Узнаваемый теперь в качестве визитной карточки Сухаревой — экономный скульптурный диптих из простых реди-мейдов, двух пластиковых стаканчиков, поставленных вертикально один отверстием к другому. Этот диптих создает эффект многозначительности не только своей простой и при этом синтаксически сложной (по отношению к языкам скульптуры и реди-мейда) уловкой предъявленной материальности, но и как ребус. Воздух, закупоренный стаканчиками, словно отсылает к герметическому, переставляет банальную повседневность так, будто в ней, несмотря на формальную современность, сквозит гностическое измерение архаики. При этом Сухарева обращается к скульптурным приемам — негативному объему и демонстрации силы гравитации, которыми овладела, изучая их логику и историю. Эта миниатюрная инсталляция из двух стаканчиков стала одним из первых ее произведений в 2008 году и с тех пор мигрирует в новые произведения и экспозиции, как, например, в «Эураураргу» (2011) или в недавно экспонированную в Музее Сидура «Здесь я сбросил свои сто плащей» (2014—2016) — инсталляцию, изображавшую оберег-апотропей из двух прозрачных, оклеенных приставшей грязью колб, помещенных в гробоподобный саркофаг с ребристыми стенками. Контуры саркофага, как и фальшстены в «Это есть, тебя нет» или треугольная подставка в серии зеркал и стекол, намеренно отсылают к выразительному минимализму милленаристских сект. В их аскетическом прагматизме маячит ожидание апокалипсиса.

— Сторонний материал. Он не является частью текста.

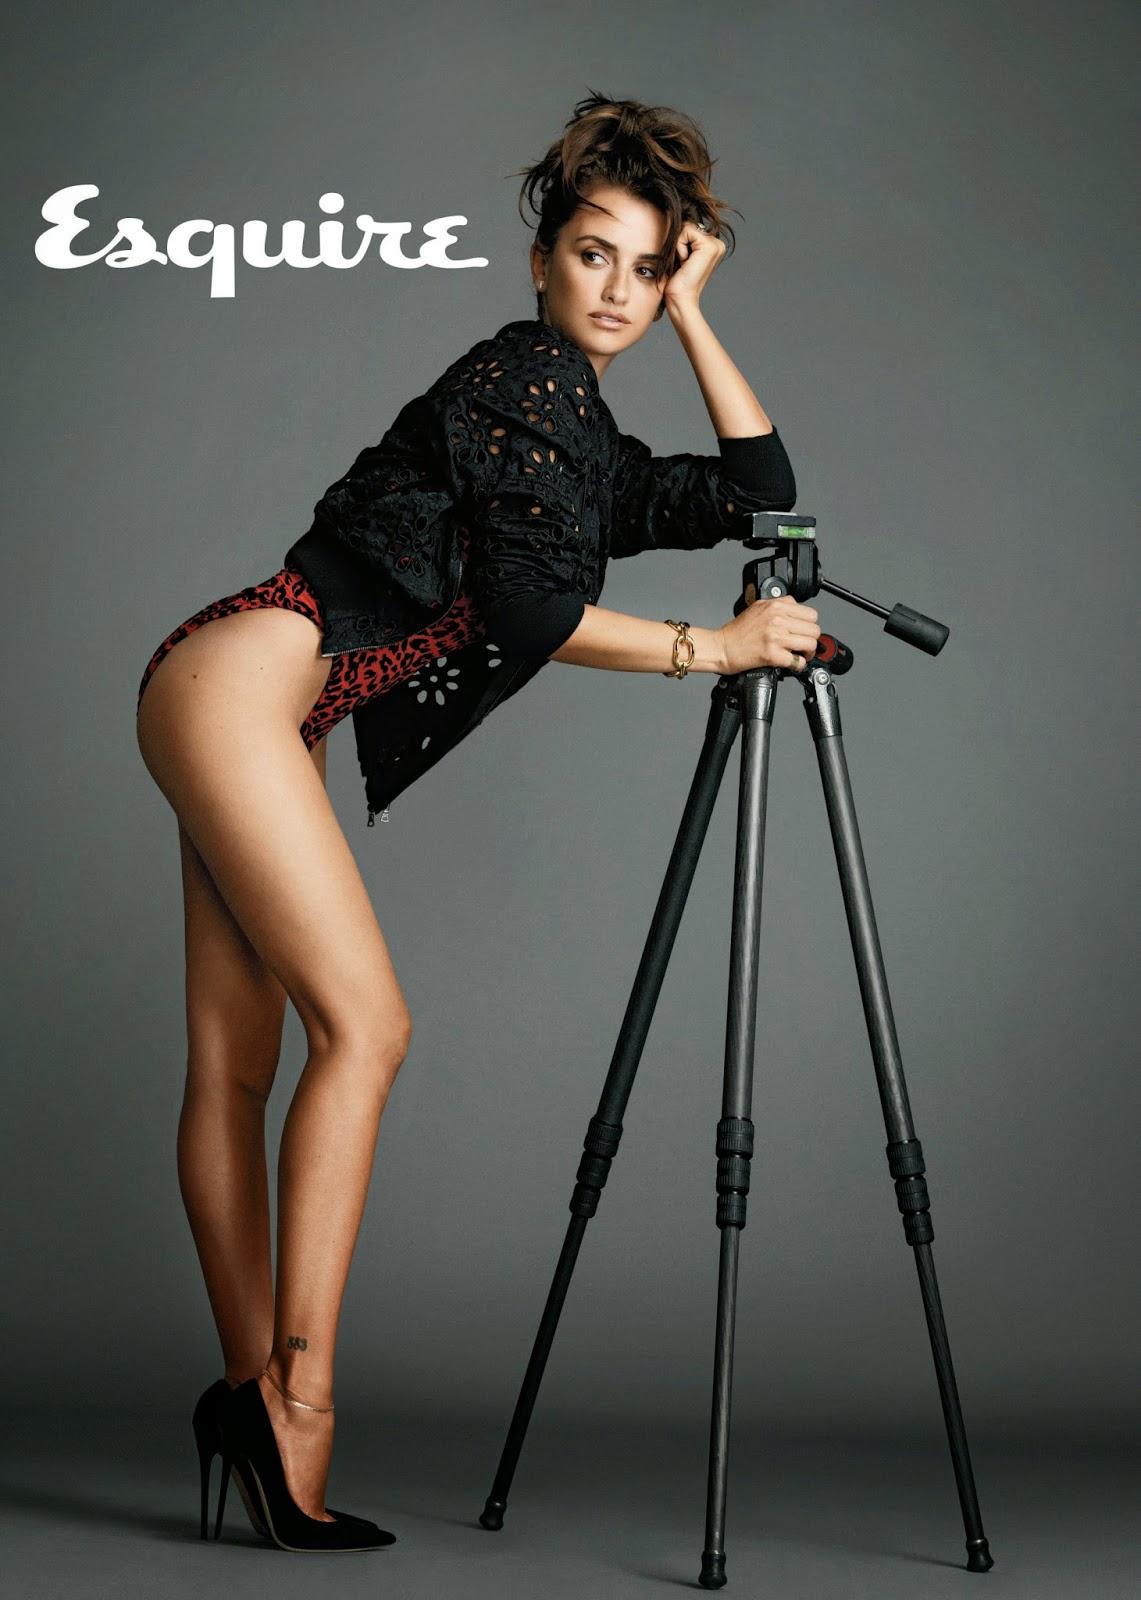 Penelope Cruz hot legs and ass

[1] Беньямин В. Происхождение немецкой барочной драмы. Перевод с немецкого Сергея Ромашко. — М.: Аграф, 2002. С. 185.
[2] Foster H. Bad New Days: Art, Criticism, Emergency. — London: Verso, 2015.
[3] Огурцов С. Как измерить кроличью нору во время полета? // Диалог искусств, № 2, 2014 г.
[4] Адашевская Л., Березницкая Н. Интервью с Александрой Сухаревой // COLTA.RU, 17 декабря 2013 г.
[5] Shuripa S. Space As a State of Mind // Alexandra Sukhareva. Being of Mother Is the Bone. Exh. сat. — Moscow: V-A-C Foundation, 2012. P. 7—11.